• Information provided:
__________

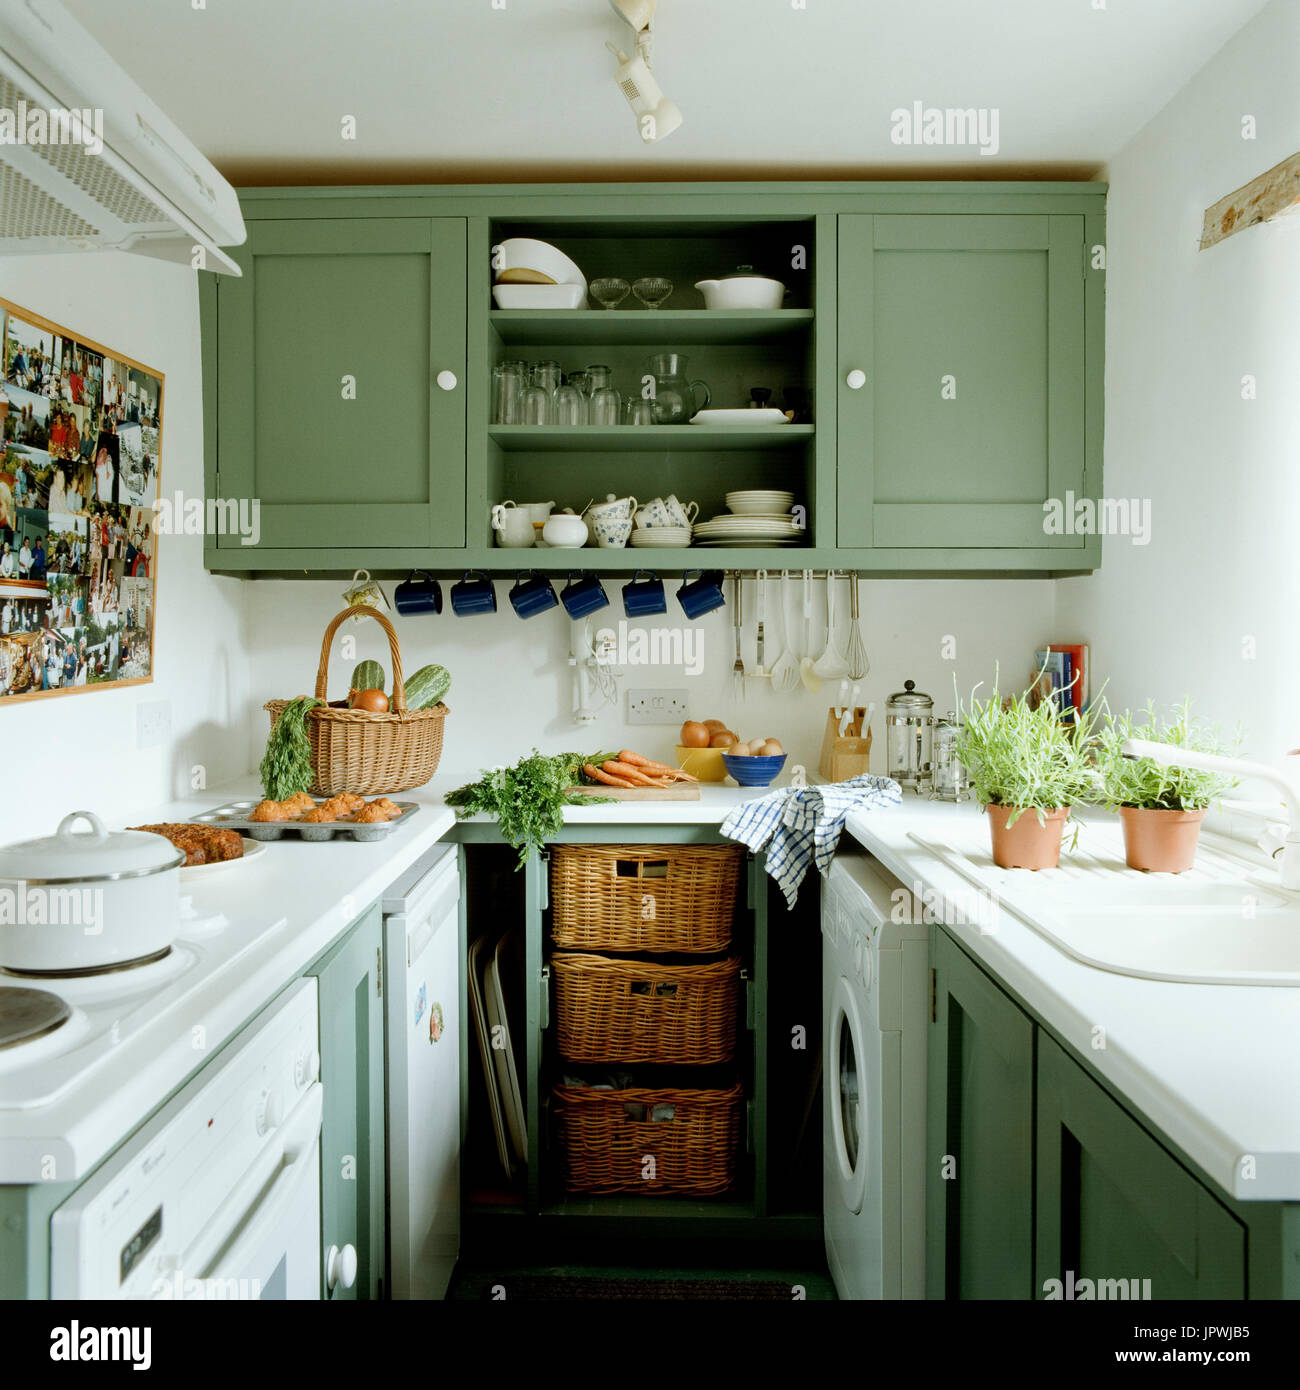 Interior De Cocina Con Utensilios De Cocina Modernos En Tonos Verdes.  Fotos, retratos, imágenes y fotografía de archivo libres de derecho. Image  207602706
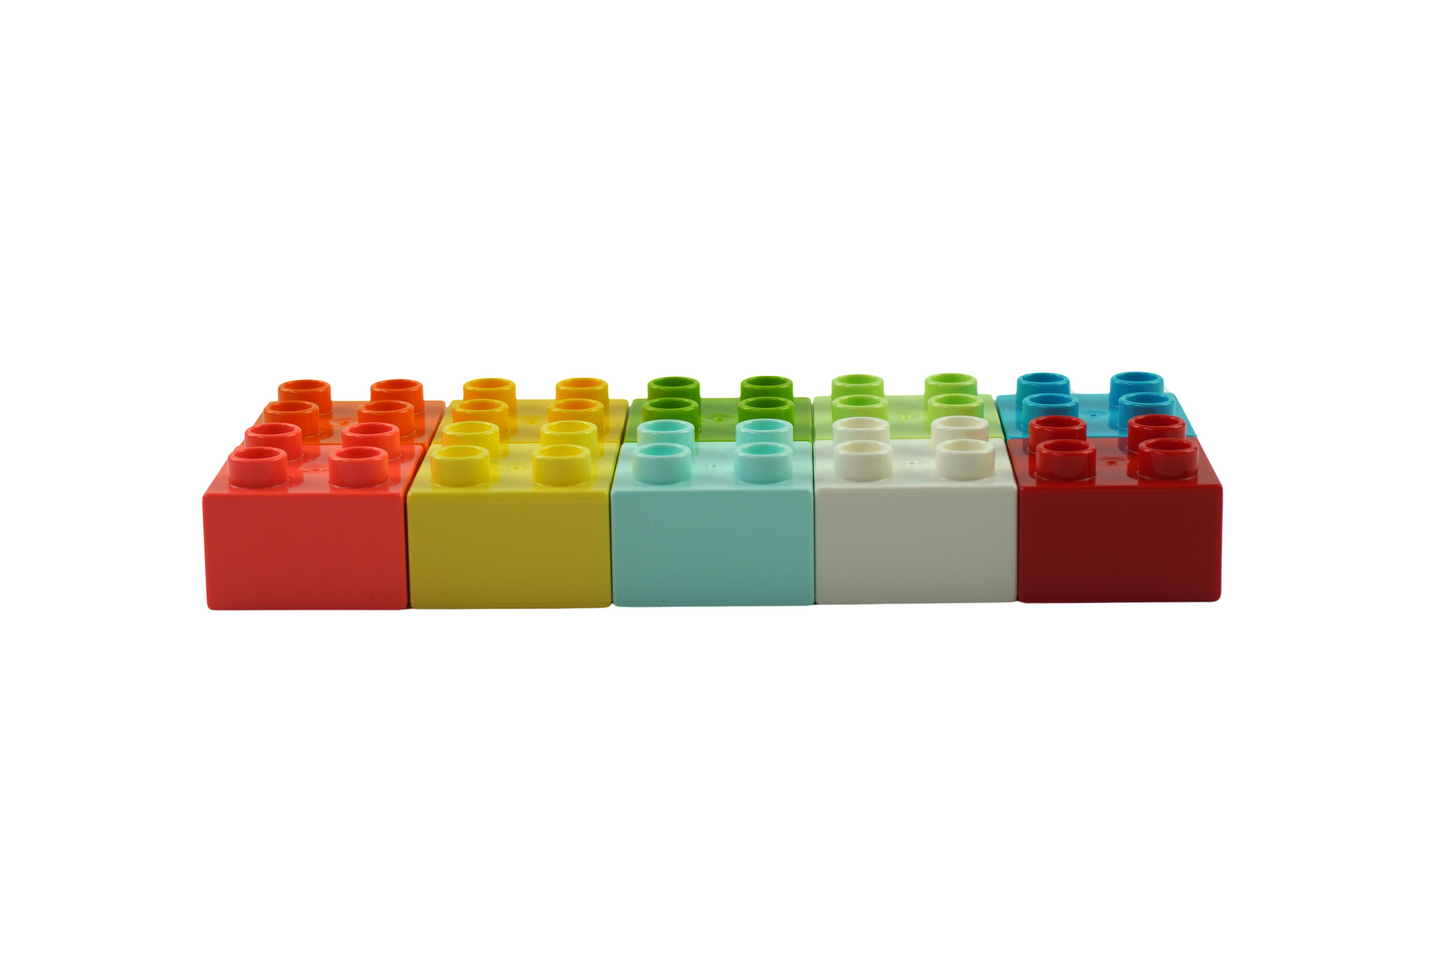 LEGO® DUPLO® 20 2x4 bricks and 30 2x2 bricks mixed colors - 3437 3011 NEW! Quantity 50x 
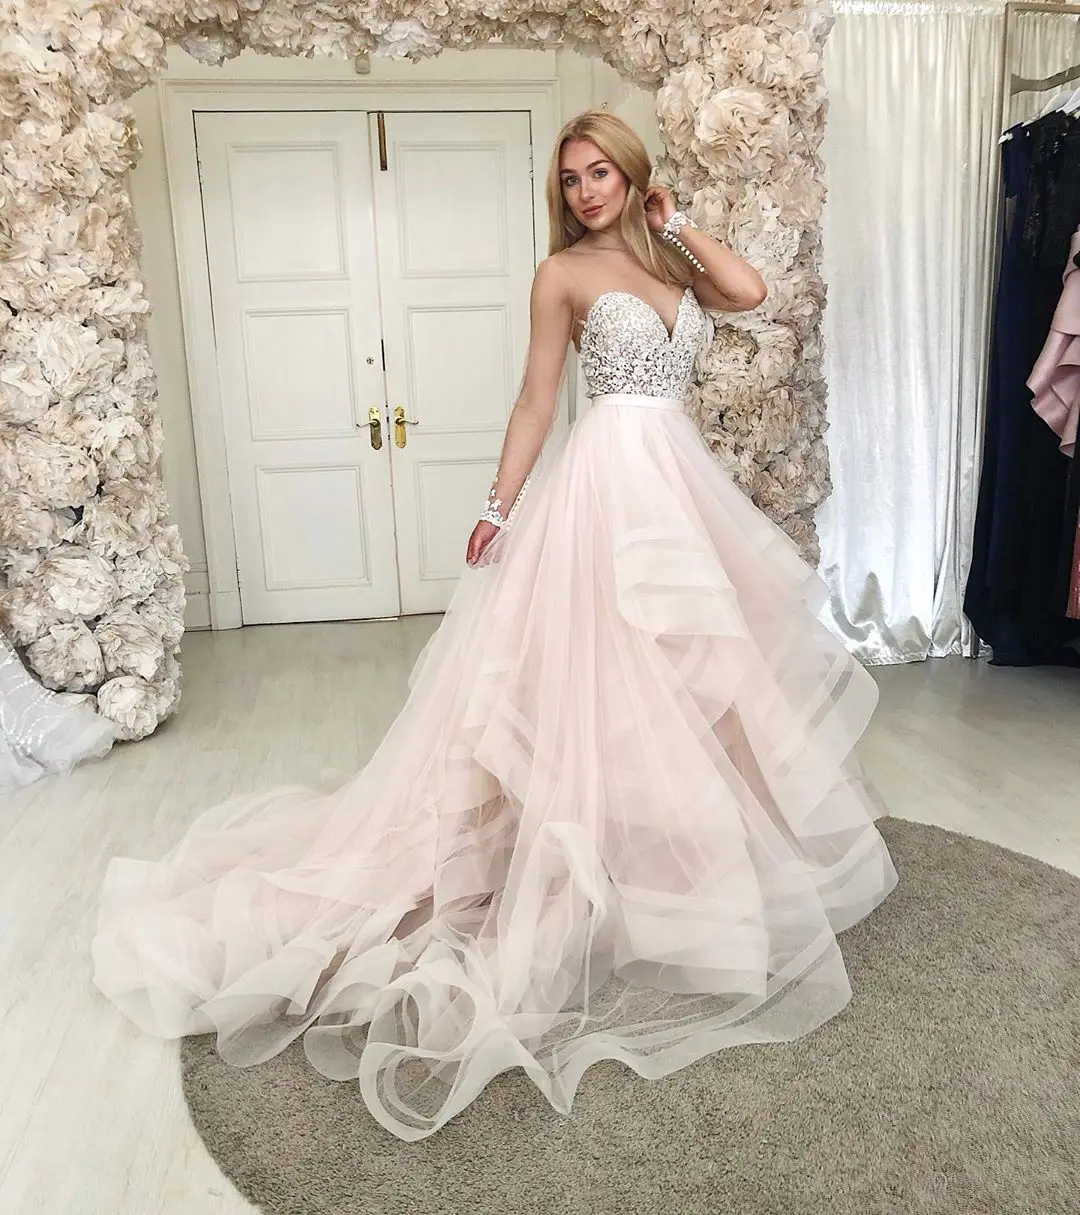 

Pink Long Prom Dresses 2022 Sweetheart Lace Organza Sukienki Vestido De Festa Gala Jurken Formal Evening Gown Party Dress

__________

• Activity:
An unaltered copy of the material, without images, should be set down.

• Response to this exercise:
 Interior De Cocina Con Utensilios De Cocina Modernos En Tonos Verdes.  Fotos, retratos, imágenes y fotografía de archivo libres de derecho. Image  207602706
 LEGO® DUPLO® 20 2x4 bricks and 30 2x2 bricks mixed colors - 3437 3011 NEW! Quantity 50x 

Pink Long Prom Dresses 2022 Sweetheart Lace Organza Sukienki Vestido De Festa Gala Jurken Formal Evening Gown Party Dress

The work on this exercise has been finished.